The View From Taft

Following the Mindanao earthquake in late 2019 and the Taal Volcano eruption this January, both of which have left many people displaced and affected, companies and corporate foundations mobilized resources and organized relief operations. NGOs, local government units, and educational institutions, among many others, are also doing their share to aid those stricken. From supplying clean and potable water, mounting charging stations, organizing medical missions, to distributing relief packs, these efforts are nothing short of inspiring.

On the human resource front, situations like this provide an opportunity for employee engagement. Schaufeli and Bakker define engagement as “a positive, fulfilling, work-related state of mind that is characterized by vigor, dedication, and absorption.” It aims to establish a strong connection between employees and their work and company. Engagement fuels positive disposition and higher motivation. When a workforce is highly engaged, productivity is optimized and organizational goals are attained.

In 2019, the ADP Research Institute (ADPRI) measured the engagement levels of more than 19,000 workers. The employees were asked which working conditions they find acceptable and attractive enough to keep them in the workplace. APDRI’s Global Study of Engagement reported that only 16% of employees are fully engaged. This means that the remaining 84% of employees merely come to work for the sake of it and fail to contribute wholly to their organizations. While the report further states that engagement varies based on several factors, the global score gives impetus for business and HR leaders to rethink and reinvigorate engagement programs as an integral part of organizational culture and social responsibility.
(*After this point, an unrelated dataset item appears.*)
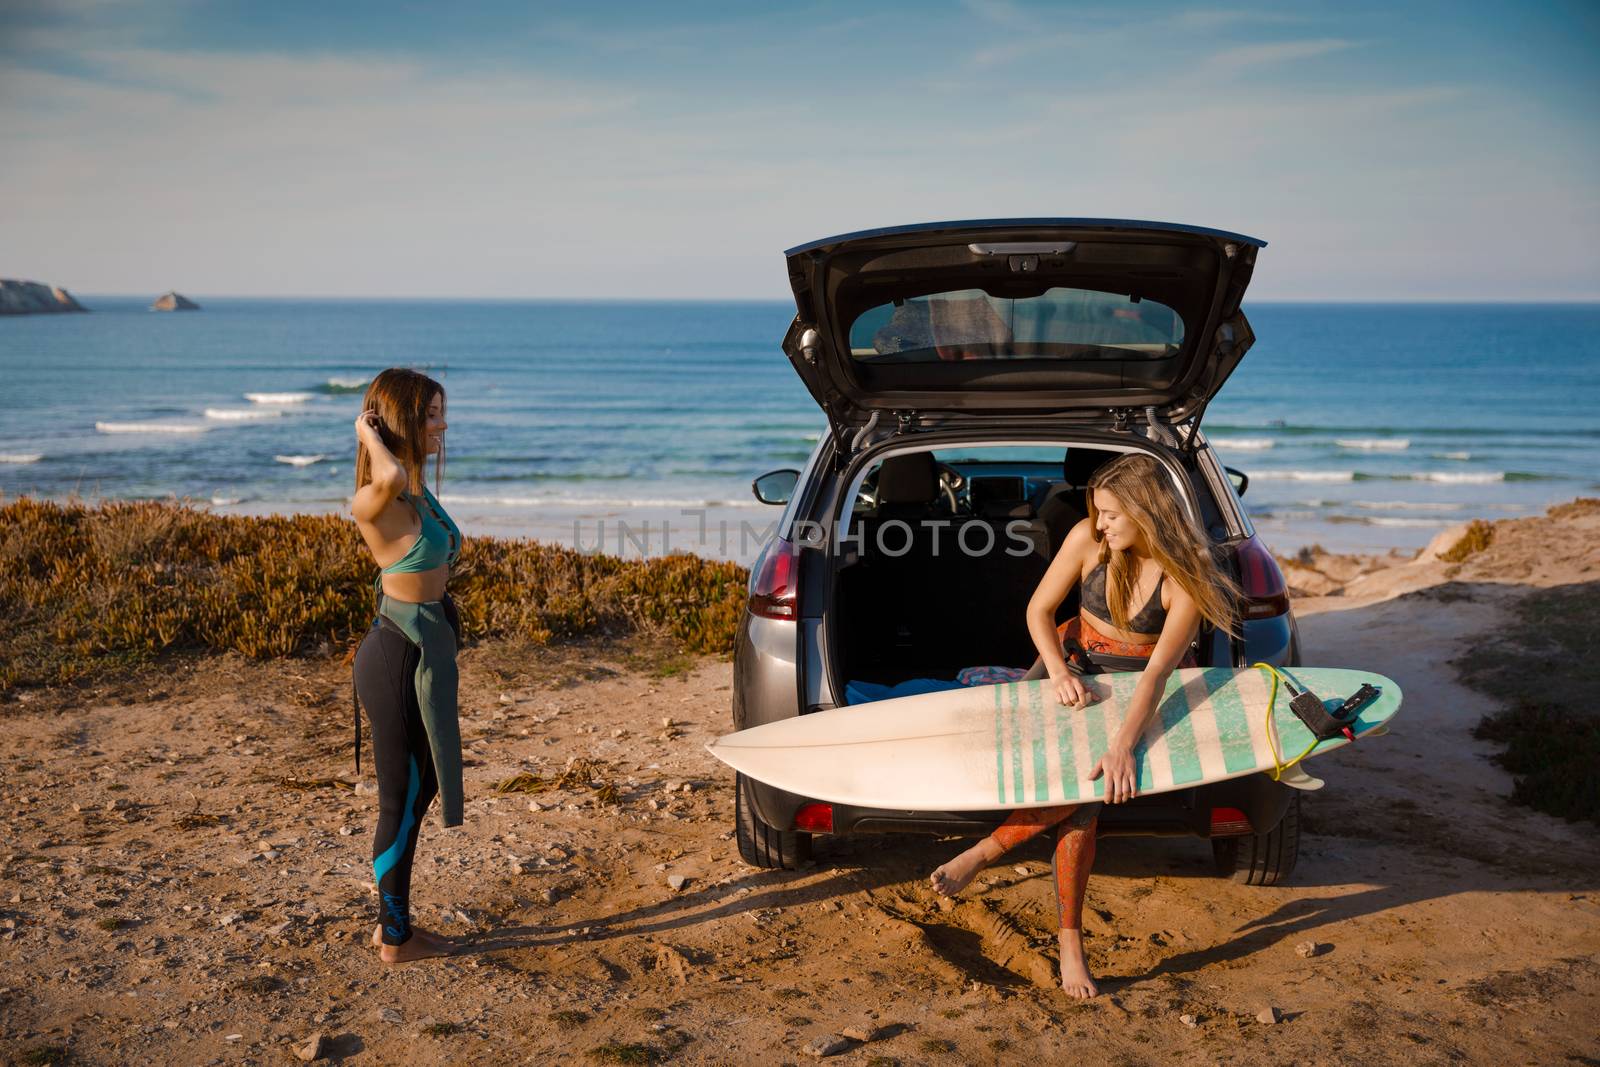 Surf and friendship Getting ready for another surf day by Iko

When I was tasked to lead our company’s engagement program, I wanted to evolve our approach to lead to a more cogent, holistic, and integrated way of life for our people. I considered not only employee engagement but also a people experience that taps into the hearts, heads, and hands of our employees. I recommended designing engagement, communication, and empowerment activities that aim to: 1.) strengthen the emotional connection of employees to the organization; 2.) increase their engagement through information, learning, and knowledge-sharing; and 3.) nurture well-being, bolster productivity, and cultivate excellence in practice and performance.
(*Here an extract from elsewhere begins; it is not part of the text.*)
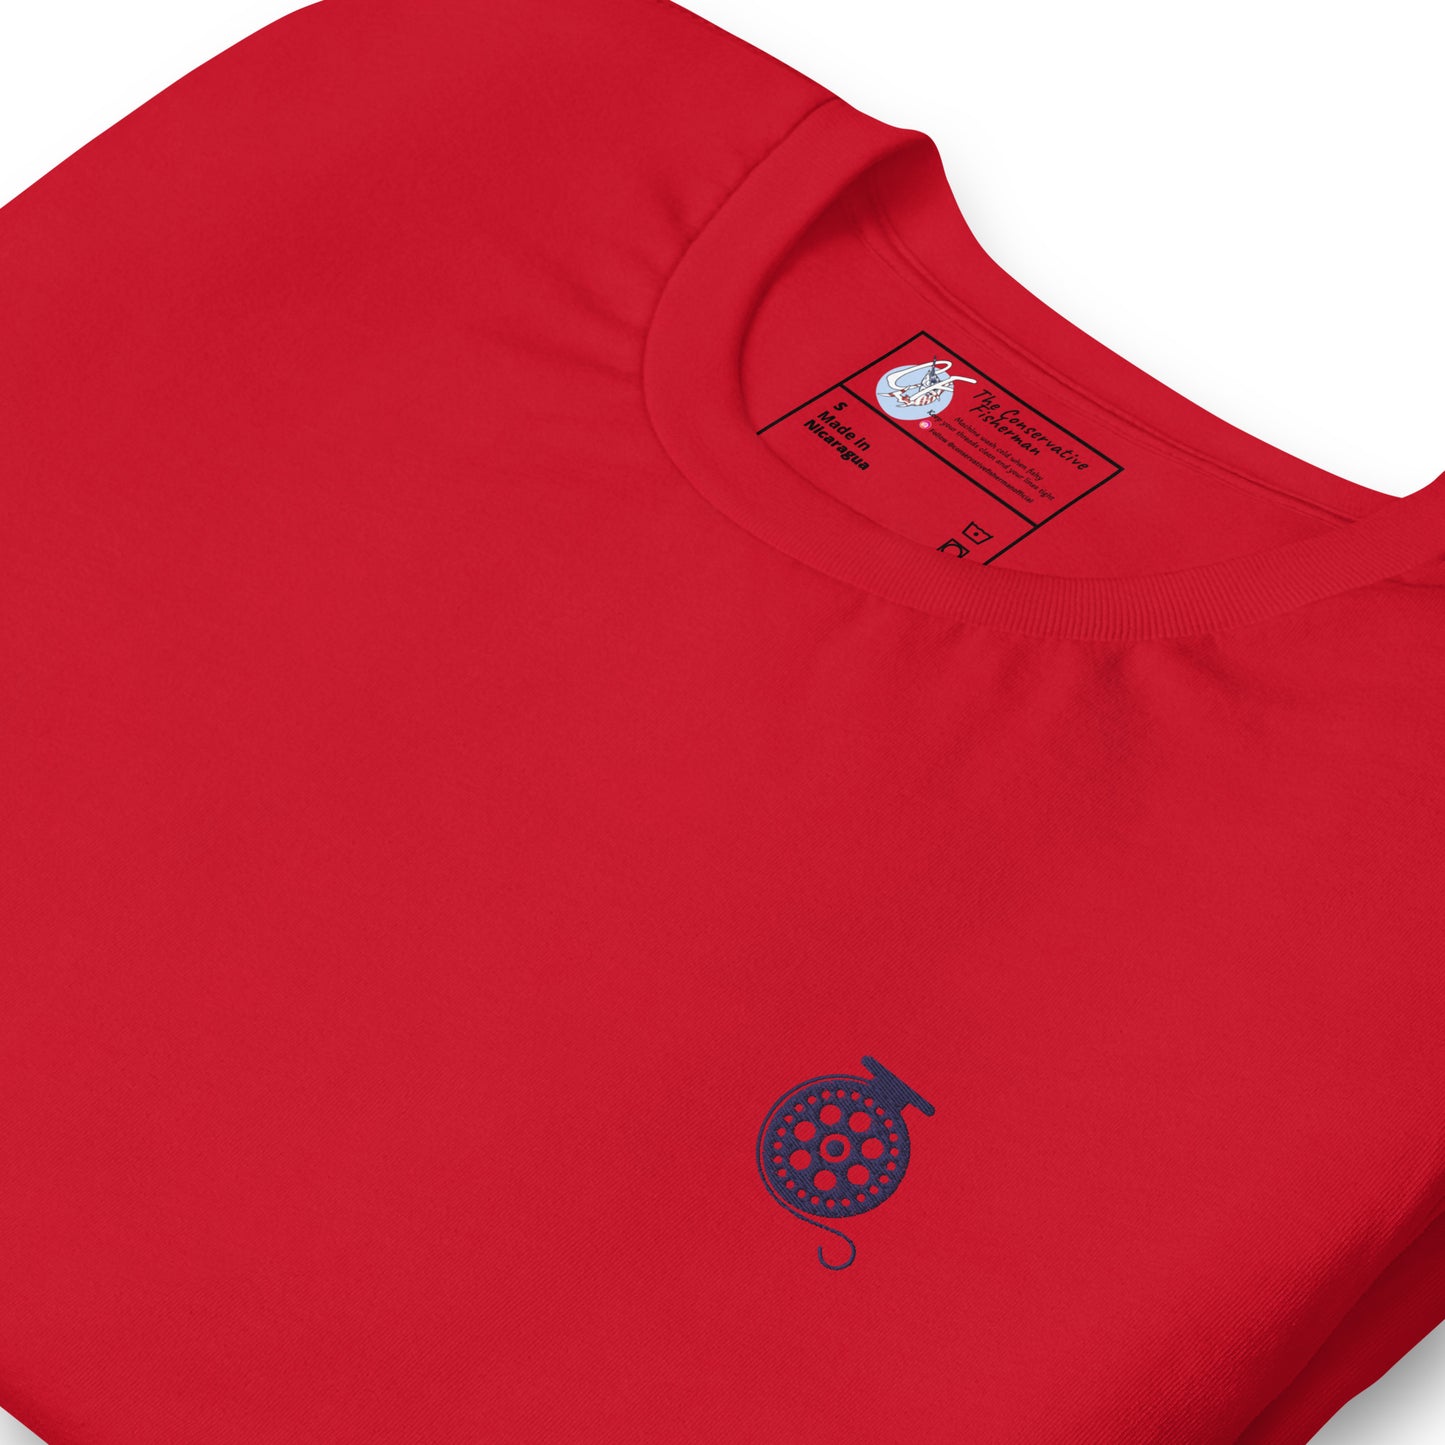 'Fly Fishing Reel' Premium Embroidered Shirt

The idea of employee experience (EX) has trended in HR circles over the past few years. Ryan Pendell, in his Gallup article “Employee Experience vs. Employee Engagement: What’s the Difference?,” describes EX as the “entire journey” an employee takes within an organization. Engagement and experience encompass a dynamic confluence, but should not be confused with each other. Carolyn Nevitte on LinkedIn defines engagement as the goal, and experience as the means to that end. Experience, therefore, constitutes the bigger picture and expands our customary approach to engagement by placing touchpoints throughout the life cycle of employees.

Creating meaningful experiences to engage employees humanizes the workplace, which advancing technology and changing values have made more complex. As managers, we must strive to elevate our employees’ experiences by connecting them to a higher purpose. In her Forbes article “The Future of Work: Corporate Social Responsibility Attracts Top Talent,” Jeanne Meister points out that employees want more than compensation. Employees yearn for a profound sense of meaning and fulfillment from their work. They desire to take pride in a company that reflects their values and that allows them to make a caring difference.

Our company launched an internal donation drive to help our employees and the local community affected by the Mindanao earthquake. Our employees in Luzon and Visayas pledged financial support through their personal resources, and the company supplemented the amount that was initially raised. The employees’ sheer generosity overwhelmed me. When Taal’s eruption affected a handful of our employees and their families, I was afraid that our colleagues would have already developed donor fatigue. Nevertheless, we again called on our people to donate — and I was proven wrong. The shining display of compassion was equally heartening, thanks in huge part to our employees in Mindanao, who may have felt that it was their turn to help. I believe this was a stellar example of people helping other people and deepening employee engagement and experience.


Michael Angelo E. Malicsi is the HR Business Partner for Support of Goldilocks, a leading bakeshop and fast food chain in the Philippines, and concurrently heads the company’s people experience program. He lectures part-time at the Ramon V. Del Rosario College of Business of De La Salle University. In 2016, he received an Australia Awards Scholarship from the Department of Foreign Affairs and Trade of the Australian Government.